Gerechtshof 's-Hertogenbosch

Datum uitspraak
21 augustus 2018
Publicatiedatum
29 augustus 2018
Zaaknummer
200.209.304_01
Instantie
Gerechtshof 's-Hertogenbosch
Type
Uitspraak
Rechtsgebied
Civiel recht
Procedures
  • Hoger beroep
Vindplaatsen
  • Rechtspraak.nl
AI samenvatting door LexboostAutomatisch gegenereerd

Hoger beroep inzake bestuurdersaansprakelijkheid en grondslag van vordering

In deze zaak gaat het om een hoger beroep tegen een vonnis van de rechtbank Limburg, waarin [appellant] en [betrokkene] zijn veroordeeld tot betaling van een bedrag van € 8.740,-- aan de curator van [de vennootschap 1]. De curator had [appellant] aangesproken in haar hoedanigheid van statutair bestuurder van [de vennootschap 1]. Het hof stelt vast dat de curator in de inleidende dagvaarding geen feitelijke grondslag heeft gegeven voor de vordering tegen [appellant]. De rechtbank heeft geoordeeld dat [appellant] verantwoordelijk was voor de betaling, maar het hof oordeelt dat de curator onvoldoende bewijs heeft geleverd voor de aansprakelijkheid van [appellant]. Het hof vernietigt het vonnis van de rechtbank en wijst de vordering van de curator af, waarbij het hof ook de proceskosten ten laste van de curator stelt. De uitspraak benadrukt het belang van een deugdelijke feitelijke onderbouwing van vorderingen in aansprakelijkheidszaken, vooral als het gaat om bestuurdersaansprakelijkheid.

Uitspraak

GERECHTSHOF ’s-HERTOGENBOSCH

Afdeling civiel recht
zaaknummer 200.209.304/01
arrest van 21 augustus 2018
in de zaak van
[appellant], wonende te [woonplaats] , appellant in principaal hoger beroep, geïntimeerde in incidenteel hoger beroep, hierna aan te duiden als [appellant] , advocaat: mr. A.J.G. Bisscheroux te Kerkrade,
tegen
mr. [curator] i.z.h.v. curator in het faillissement van [de vennootschap 1] ,kantoorhoudende te [kantoorplaats] , geïntimeerde in principaal hoger beroep, appellant in incidenteel hoger beroep, hierna ook aan te duiden als de curator, advocaat: mr. G.E.E.M. van der Heijden te Sittard,
op het bij exploot van dagvaarding van 26 januari 2017 ingeleide hoger beroep van het vonnis van 26 oktober 2016, door de rechtbank Limburg, zittingsplaats Maastricht, gewezen tussen [appellant] als gedaagde en de curator als eiser.

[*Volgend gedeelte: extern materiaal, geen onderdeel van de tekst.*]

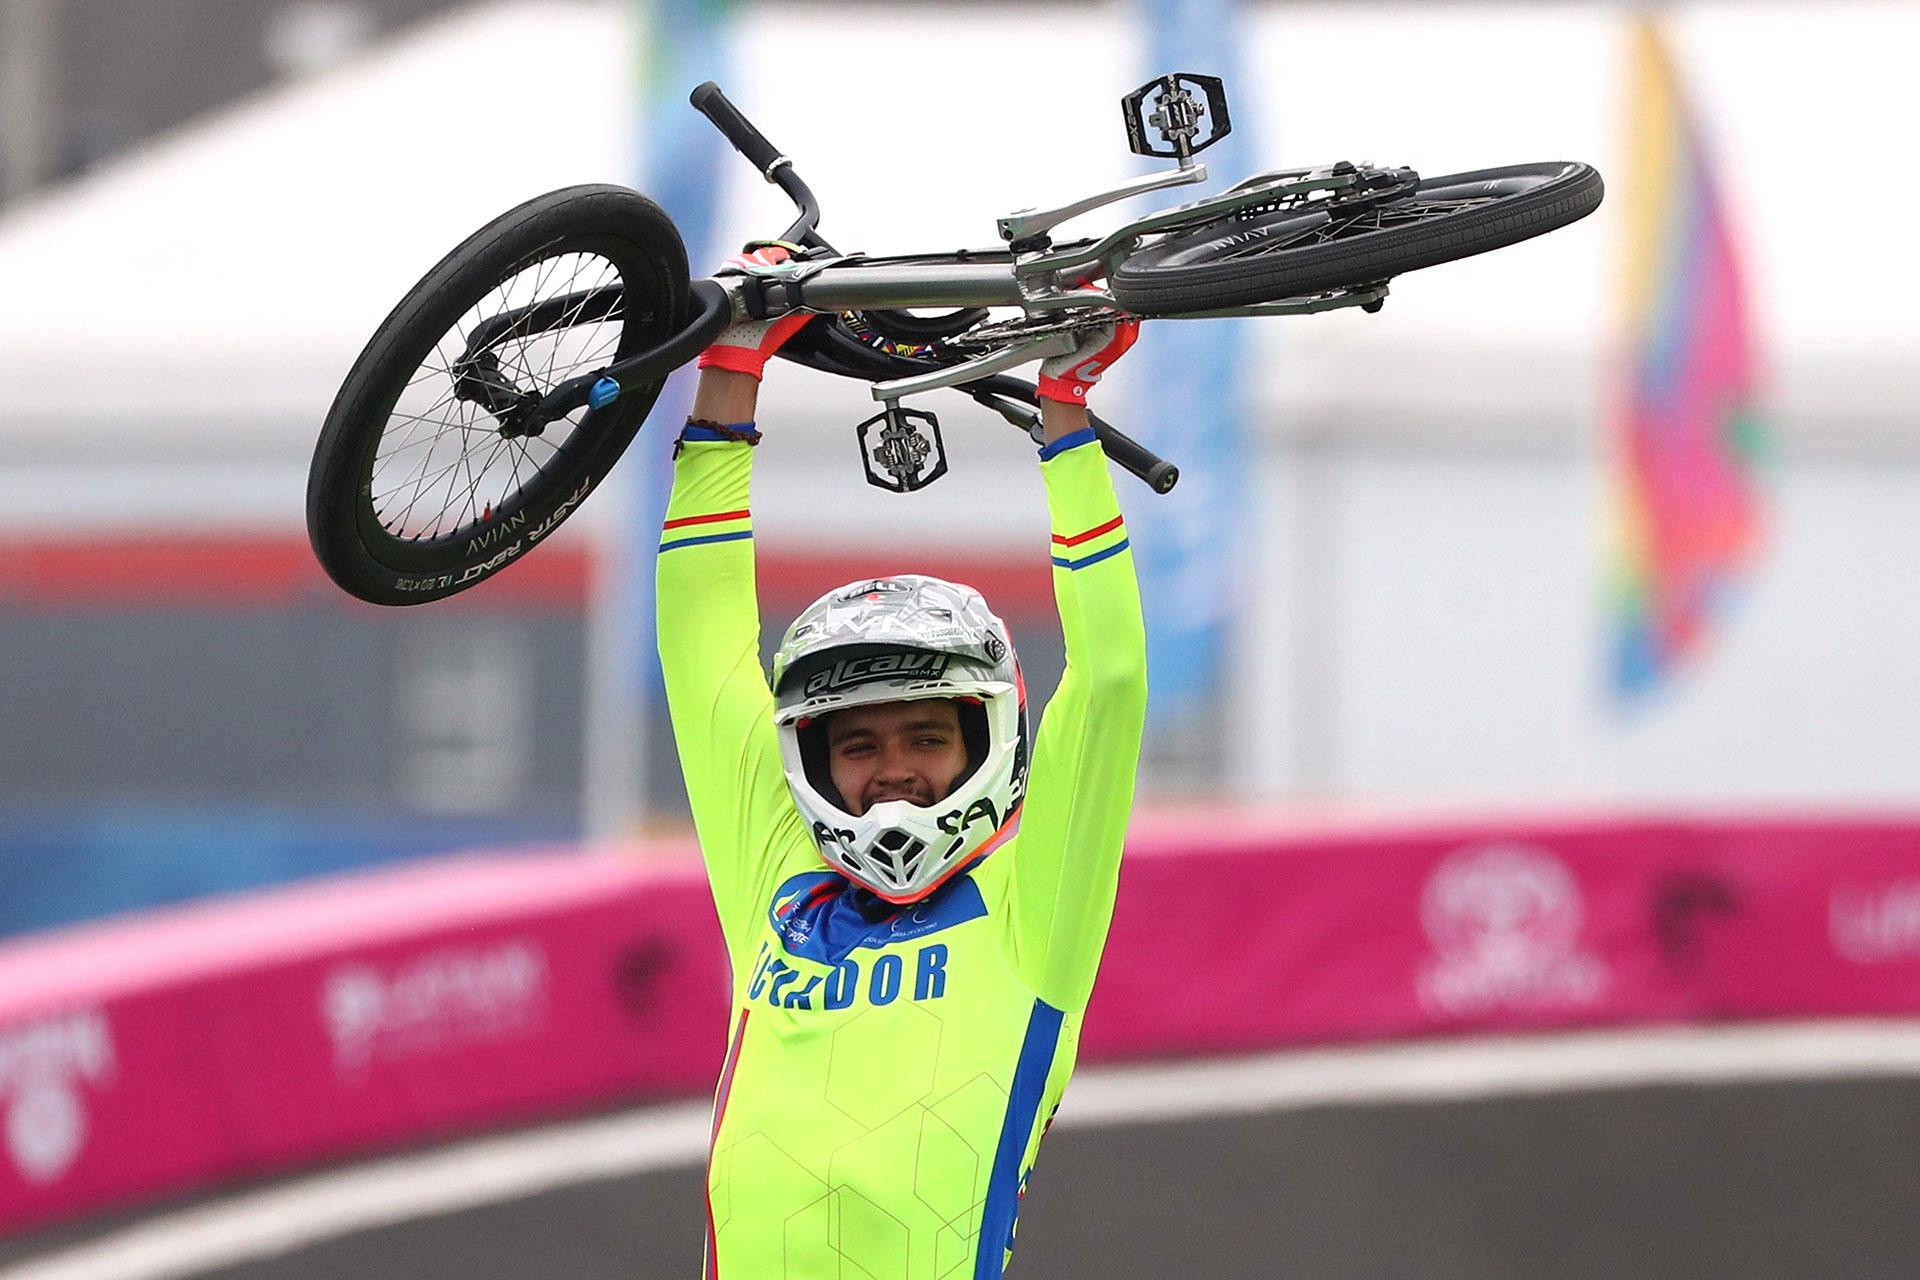 XVIII Pan American Games - Lima 2019 - Cycling BMX - Women Semifinal  - Costa Verde Beach Circuit, Lima, Peru - August 9, 2019. Gold medalist Ecuador's Alfredo Campo celebrates after the race. REUTERS/Pilar Olivares

1.Het geding in eerste aanleg (zaak-/rolnummer C/03 205408 / HA ZA 15-242)

Voor het geding in eerste aanleg verwijst het hof naar voormeld vonnis.

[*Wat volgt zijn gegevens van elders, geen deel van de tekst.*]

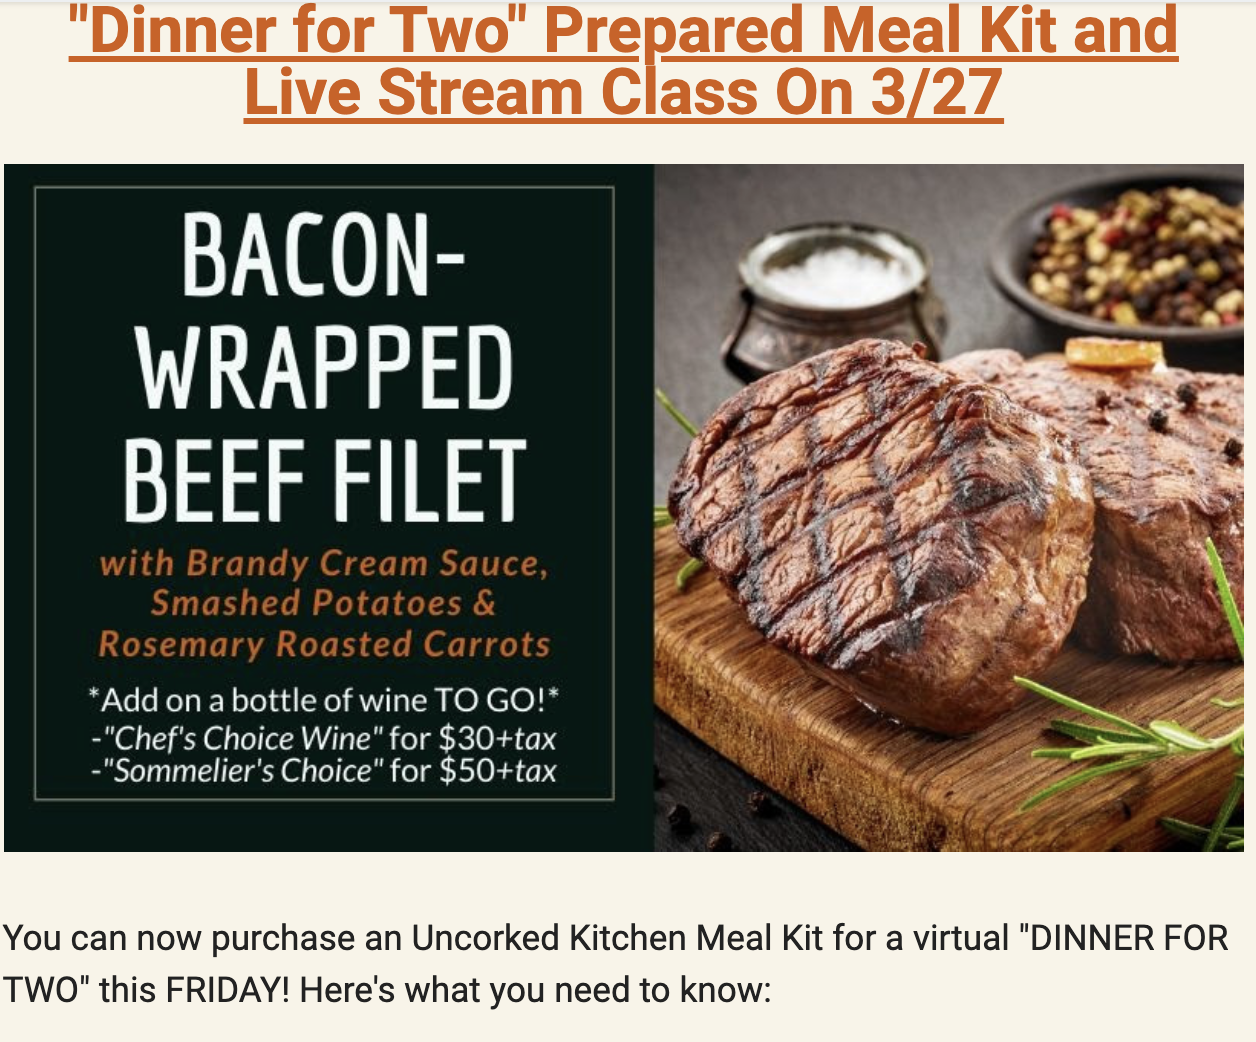 Restaurant online cooking classes

2.Het geding in hoger beroep

Het verloop van de procedure blijkt uit:
  • de dagvaarding in hoger beroep;
  • de memorie van grieven;
  • de memorie van antwoord in het principaal appel tevens memorie van grieven in het incidenteel appel;
  • de akte in principaal & incidenteel appel en memorie van antwoord in incidenteel appel.

3.De beoordeling

3.1.
In dit hoger beroep kan worden uitgegaan van de volgende feiten:
a. Op 7 januari 2014 is [de vennootschap 2] (hierna [de vennootschap 2] ) op eigen aanvraag in staat van faillissement verklaard met aanstelling van mr. [curator] als curator.
b. [betrokkene] was bestuurder van [de vennootschap 3] die optrad als bestuurster van [de vennootschap 2] .
c. Op 30 november 2013 zijn twee besloten vennootschappen opgericht: [de vennootschap 1] en [de vennootschap 4] (hierna [de vennootschap 1] en [de vennootschap 4] ). De activiteiten van [de vennootschap 2] zijn voortgezet in [de vennootschap 1] . [de vennootschap 1] is op 15 juli 2014 in staat van faillissement verklaard met aanstelling van mr. [curator] als curator.
d. [appellant] is statutair bestuurder van [de vennootschap 1] samen met [de vennootschap 3]
e. Op 14 juli 2014 is een bedrag van € 8.740,-- overgemaakt van [de vennootschap 1] aan [de vennootschap 5] . [betrokkene] , (indirect) bestuurder van [de vennootschap 1] (via [de vennootschap 3] ), heeft deze betaling (feitelijk) uitgevoerd.
3.2.
De rechtbank heeft in haar vonnis van 26 oktober 2016 [betrokkene] en [appellant] veroordeeld tot betaling van het voormelde bedrag van € 8.740,-- aan de curator.
3.3.
Bij de beoordeling van het hoger beroep wordt het volgende vooropgesteld.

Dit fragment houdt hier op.